Furthermore, in certain embodiments, other chemical or physical
factors (e.g., maximizing alkali metal or alkaline earth metal
loading, acidity, stability, or hygroscopicity of the agglomerate)
may be considered when selecting the relative amounts of each
component present in the agglomerate mixture. Additionally, in
certain embodiments, the agglomerate may account for less than
approximately 10%, between approximately 0.1% and approximately 6%,
between approximately 0.25% and approximately 2.5%, between
approximately 0.5% and approximately 1.5%, or approximately 1% of
the granular metal core 54 by weight. In certain embodiments, the
agglomerate may account for less than approximately 5%, between
approximately 0.05% and approximately 2.5%, between approximately
0.1% and approximately 0.5%, or approximately 0.15% of the tubular
welding wire 50 by weight.
[0043] Additionally, the granular metal core 54 of the tubular
welding wire 50 may also include other components to control the
welding process. For example, rare earth elements may generally
affect the stability and heat transfer characteristics of the arc
34. As such, in certain embodiments, the tubular welding wire 50
may include a rare earth component, such as the Rare Earth Silicide
(e.g., available from Miller and Company of Rosemont, Ill.), which
may include rare earth elements (e.g., cerium and lanthanum) and
other non-rare earth elements (e.g., iron and silicon). In other
embodiments, any material including cerium or lanthanum (e.g.,
nickel lanthanum alloys) may be used in an amount that does not
spoil the effect of the present approach. By specific example, in
certain embodiments, the rare earth component may account for less
than approximately 10%, between approximately 0.01% and
approximately 8%, between approximately 0.5% and approximately 5%,
between approximately 0.25% and approximately 4%, between
approximately 1% and approximately 3%, between approximately 0.75%
and approximately 2.5%, or approximately 2% of the granular metal
core 54 by weight. In certain embodiments, the rare earth component
may account for less than approximately 5%, between approximately
0.01% and approximately 2.5%, between approximately 0.1% and
approximately 0.75%, or approximately 0.3% of the tubular welding
wire 50 by weight.
[0044] Furthermore, the tubular welding wire 50 may, additionally
or alternatively, include other elements or minerals to provide arc
stability and to control the chemistry of the resulting weld. For
example, in certain embodiments, the granular metal core 54 or the
metallic sheath 52 of the tubular welding wire 50 may include
certain elements (e.g., titanium, manganese, zirconium, fluorine,
or other elements) or minerals (e.g., pyrite, magnetite, and so
forth). By specific example, certain embodiments may include
zirconium silicide, nickel zirconium, or alloys of titanium,
aluminum, or zirconium in the granular metal core 54. In
particular, sulfur containing compounds, including various sulfide,
sulfate, or sulfite compounds (e.g., such as molybdenum disulfide,
iron sulfide, manganese sulfite, barium sulfate, calcium sulfate,
or potassium sulfate) or sulfur-containing compounds or minerals
(e.g., pyrite, gypsum, or similar sulfur-containing species) may be
included in the granular metal core 54 to improve the quality of
the resulting weld by improving bead shape and facilitating slag
detachment, which may be especially useful when welding galvanized
workpieces, as discussed below. Furthermore, in certain
embodiments, the granular metal core 54 of the tubular welding wire
50 may include multiple sulfur sources (e.g., manganese sulfite,
barium sulfate, and pyrite), while other embodiments of the tubular
welding wire 50 may include only a single sulfur source (e.g.,
potassium sulfate) without including a substantial amount of
another sulfur source (e.g., pyrite or iron sulfide). For example,
in an embodiment, the granular metal core 54 of the tubular welding
wire 50 may include between approximately 0.01% and approximately
0.5%, or approximately 0.2% potassium sulfate.
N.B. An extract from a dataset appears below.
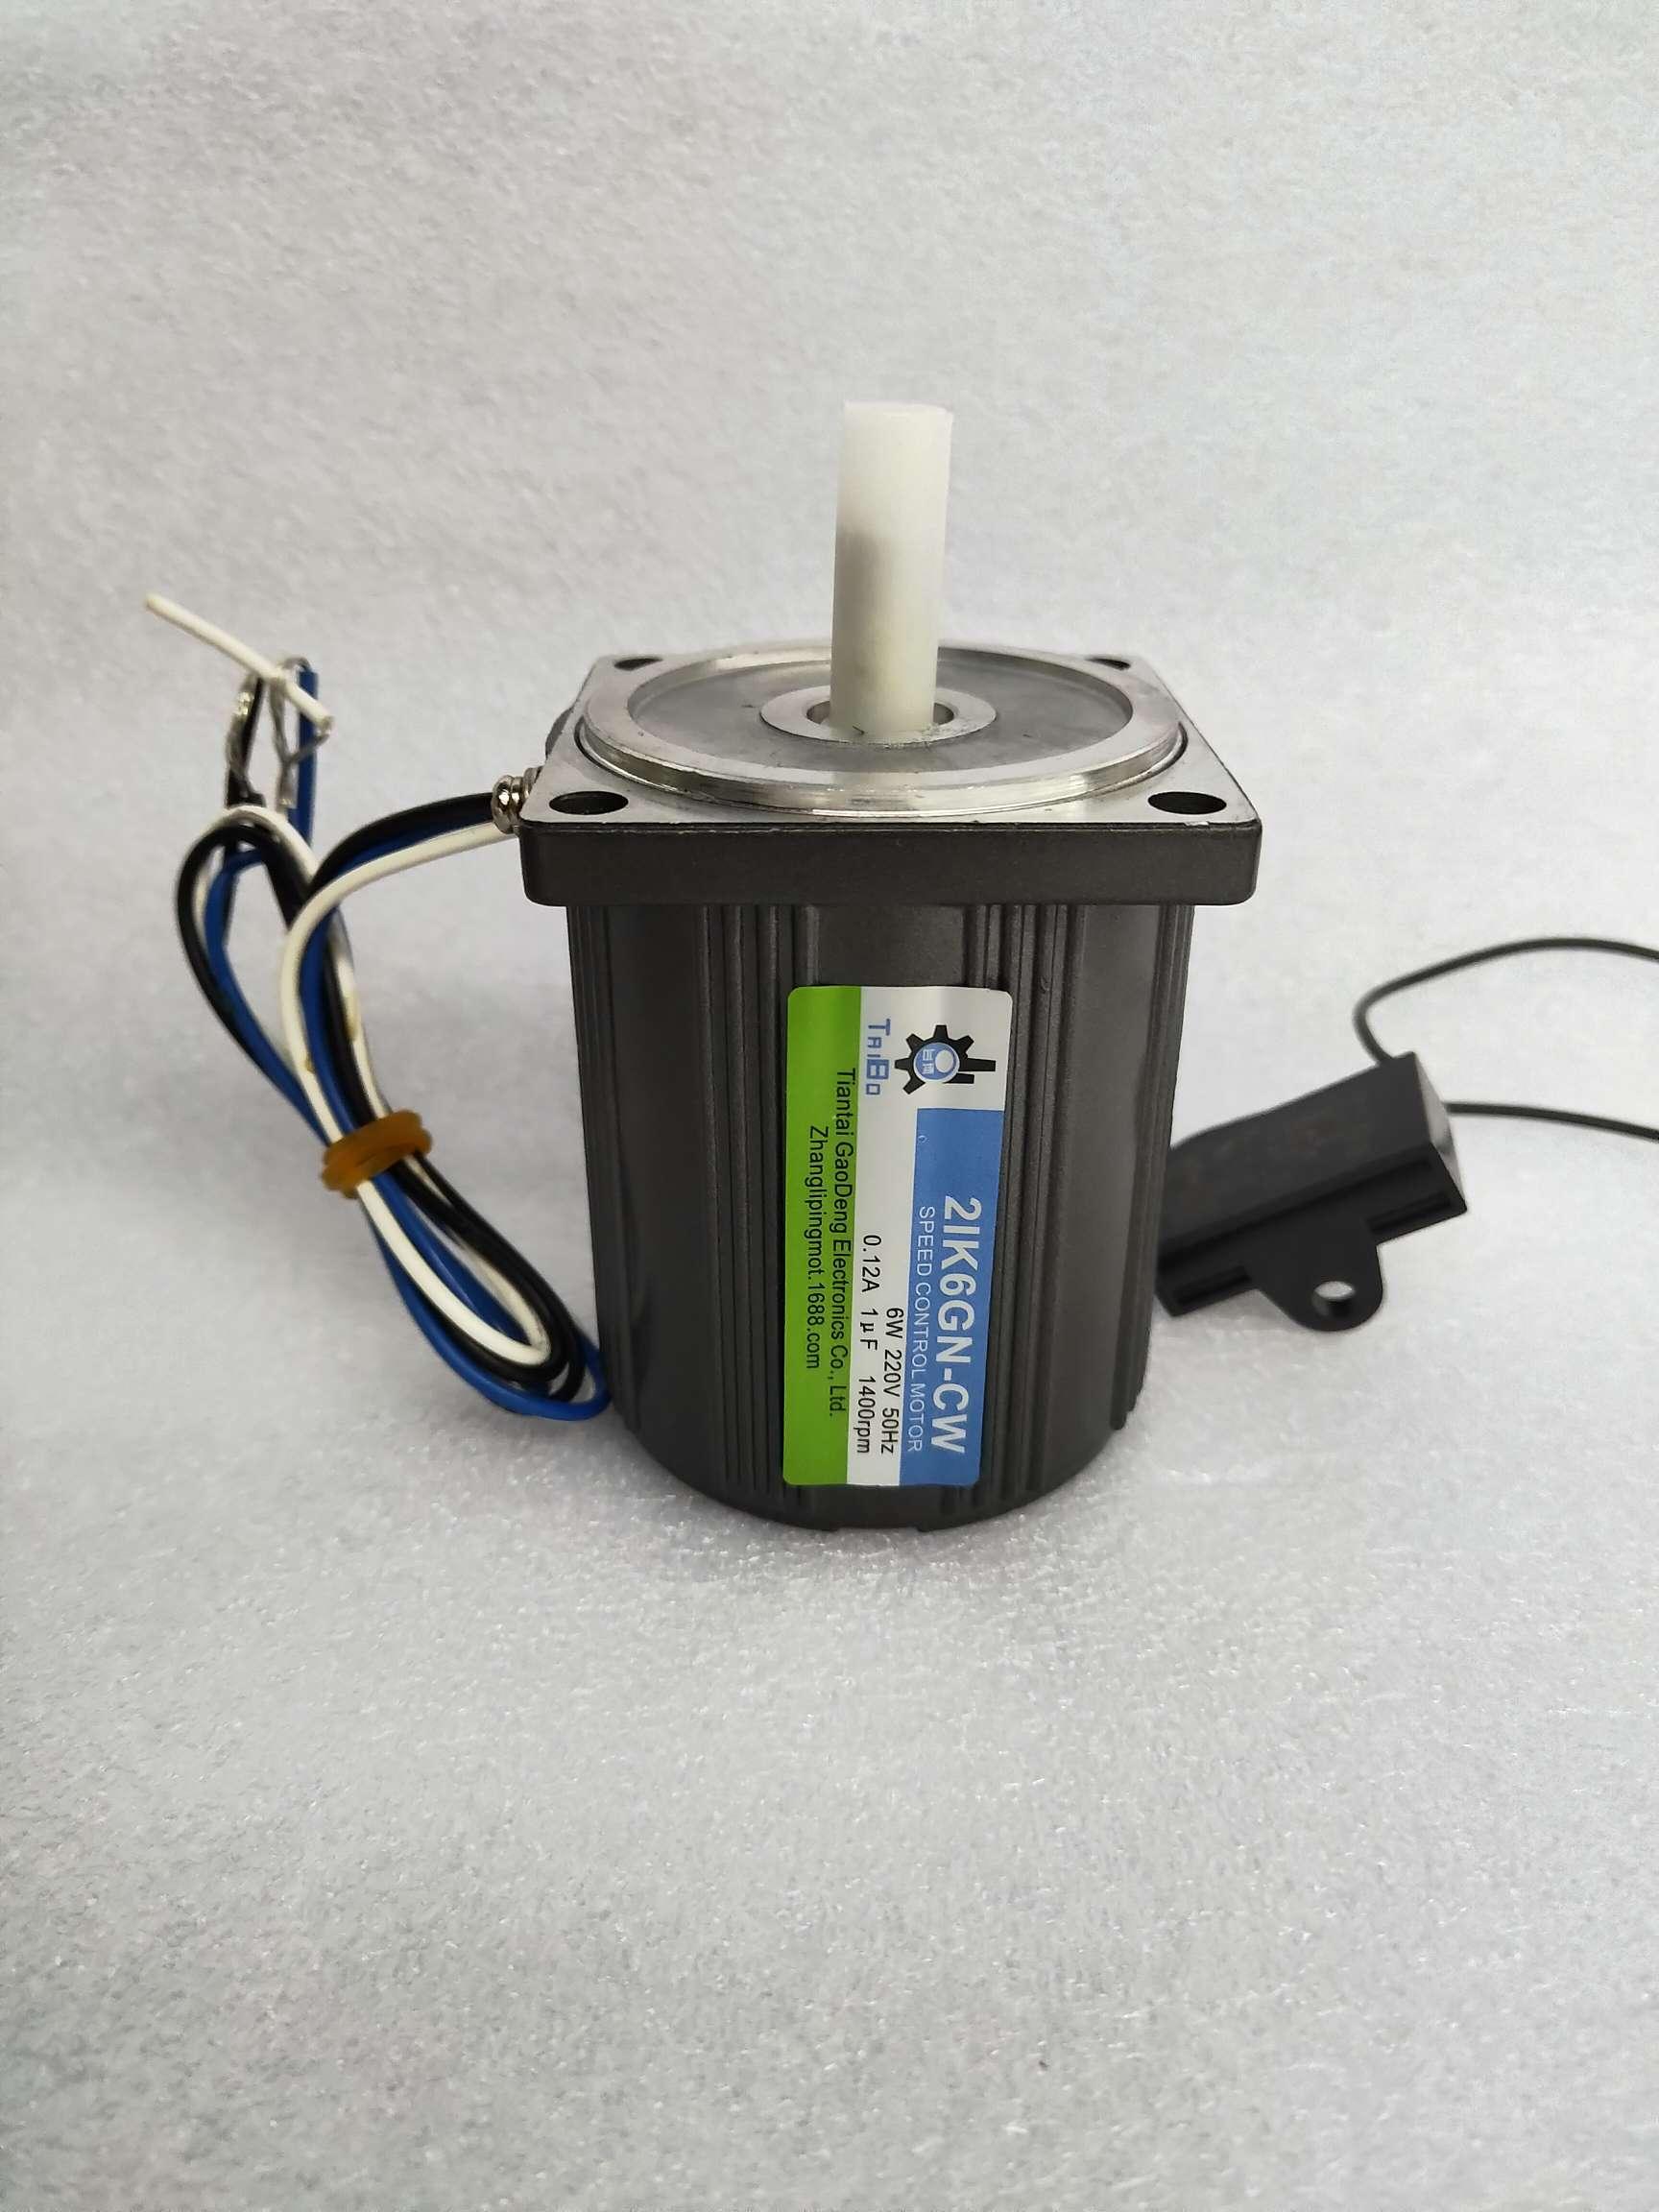 定速6W光轴电机小电机

[0045] Generally speaking, the tubular welding wire 50 may
generally stabilize the formation of the arc 34 to the workpiece
22. As such, the disclosed tubular welding wire 50 may improve more
than one aspect of the welding process (e.g., deposition rate,
travel speed, splatter, bead shape, weld quality, etc.). It should
further be appreciated that the improved stability of the arc 34
may generally enable and improve the welding of coated metal
workpieces and thinner workpieces. For example, in certain
embodiments, the coated metal workpieces may include galvanized,
galvannealed (e.g., a combination of galvanization and annealing),
or similar zinc-coated workpieces. A non-limiting list of example
coated workpieces further includes dipped, plated (e.g.,
nickel-plated, copper-plated, tin-plated, or electroplated or
chemically plated using a similar metal), chromed, nitrite-coated,
aluminized, or carburized workpieces. For example, in the case of
galvanized workpieces, the presently disclosed tubular welding wire
50 may generally improve the stability and control the penetration
of the arc 34 such that a good weld may be achieved despite the
zinc coating on the outside of the workpiece 22. Additionally, by
improving the stability of the arc 34, the disclosed tubular
welding wire 50 may generally enable the welding of thinner
workpieces than may be possible using other welding electrodes. For
example, in certain embodiments, the disclosed tubular welding wire
50 may be used to weld metal having an approximately 14-, 16-, 18-,
20-, 22-, 24-gauge, or even thinner workpieces. For example, in
certain embodiments, the disclosed tubular welding wire 50 may
enable welding workpieces having a thickness less than
approximately 5 mm, less than 3 mm, or even less than approximately
1.5 mm.
[0046] Furthermore, the presently disclosed tubular welding wire 50
enables welding (e.g., welding of thin gauge galvanized steels) at
travel speeds in excess of 30 or even 40 inches per minute. For
example, the tubular welding wire 50 readily enables high quality
fillet welds at travel speeds above 40 inches per minute (e.g., 35
or 45 inches per minute) with low weld porosity. That is, the
presently disclosed tubular welding wire 50 may enable higher
(e.g., 50% to 75% higher) travel speeds than other solid-cored,
metal-cored, or flux-cored welding wires. It should be appreciated
that higher travel speeds may enable higher production rates (e.g.,
on a production line) and reduce costs. Additionally, the presently
disclosed tubular welding wire 50 exhibits good gap handling and
provides excellent weld properties (e.g., strength, ductility,
appearance, and so forth) using a wide operating process window.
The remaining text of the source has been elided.